Easily Record Video In A Swift iOS App

Alexander Paterson
|
Posted over 6 years ago
|
8 minutes
Easily Record Video In A Swift iOS App
The SCRecorder cocoapod makes a difficult task surprisingly easy

Full code can be found here.

If you've ever tried recording audio or video from the device's camera in an iOS app, you've probably had a bad time. As always, though, somebody else's open-source code can make your life a lot easier.

Here, I'm going to show you how to use a cocoapod called SCRecorder. It's a wonderful module but it's lacking proper documentation and I couldn't find an example that uses Swift. The app we'll build will simply record videos, play them back, and save them to the camera roll. 
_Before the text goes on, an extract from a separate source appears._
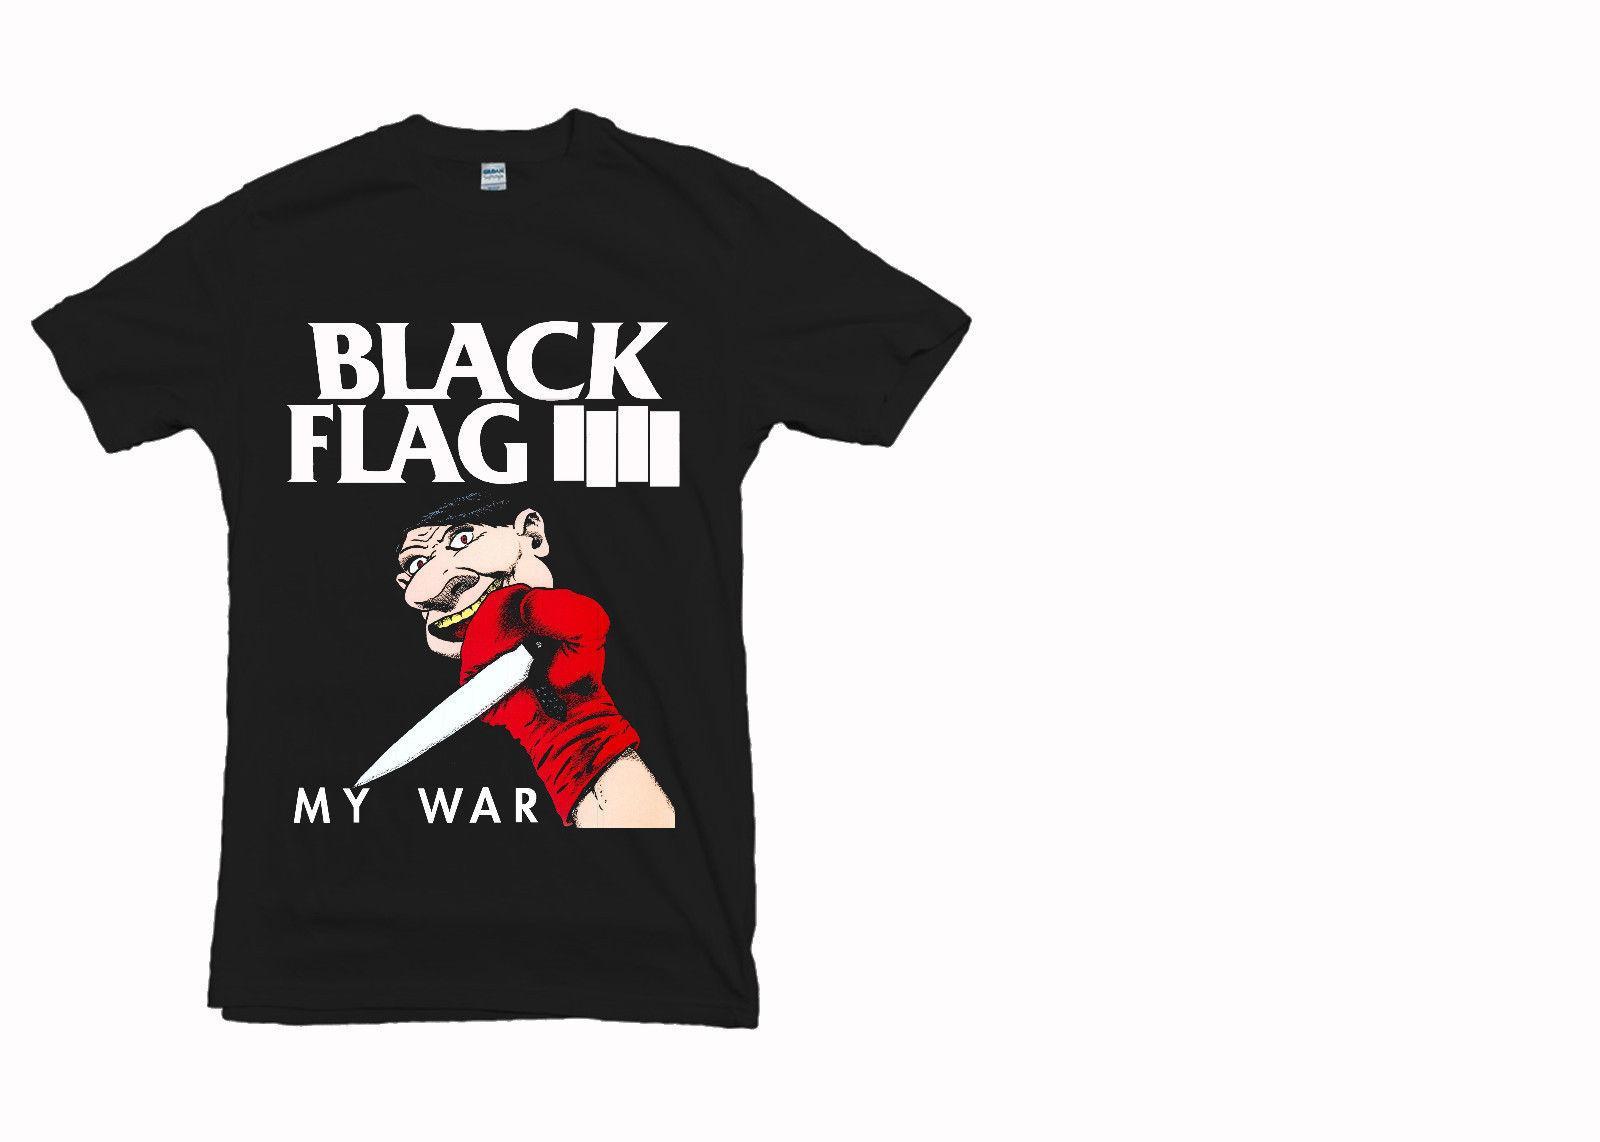 d36f5a9a T Shirt Black Flag Band Series My War Gildan Men'S Clothing Black Size S  2XL But T Shirts T Shirts Funky From Designtshirts201806, $10.66  DHgate.Com

Just a heads up: you're going to need to be able to run this on an actual iOS device to test it out.

Installing SCRecorder

First create a new Xcode project; just a simple single-view application. Then, create a file in the root of this application called Podfile. Give it the following contents.

platform :ios, '7.0'
use_frameworks!
pod 'SCRecorder'

The next step is to boot up a new Terminal session, move into the project directory, then run the command: pod install. If this doesn't work because you don't have cocoapods installed already, run the comand gem install cocoapods. The pod install command will install SCRecorder, and create a .xcworkspace file for us; open this file from finder, or with the command open *.xcworkspace. You must use this instead of the .xcodeproj file from now on.

Pod install trace

Setting Up Our View

Now in Main.storyboard, add a UIView in the default view controller with the following constraints (you should change the dimensions of the view controller for this):

New UIView

This UIView will preview the video as it records.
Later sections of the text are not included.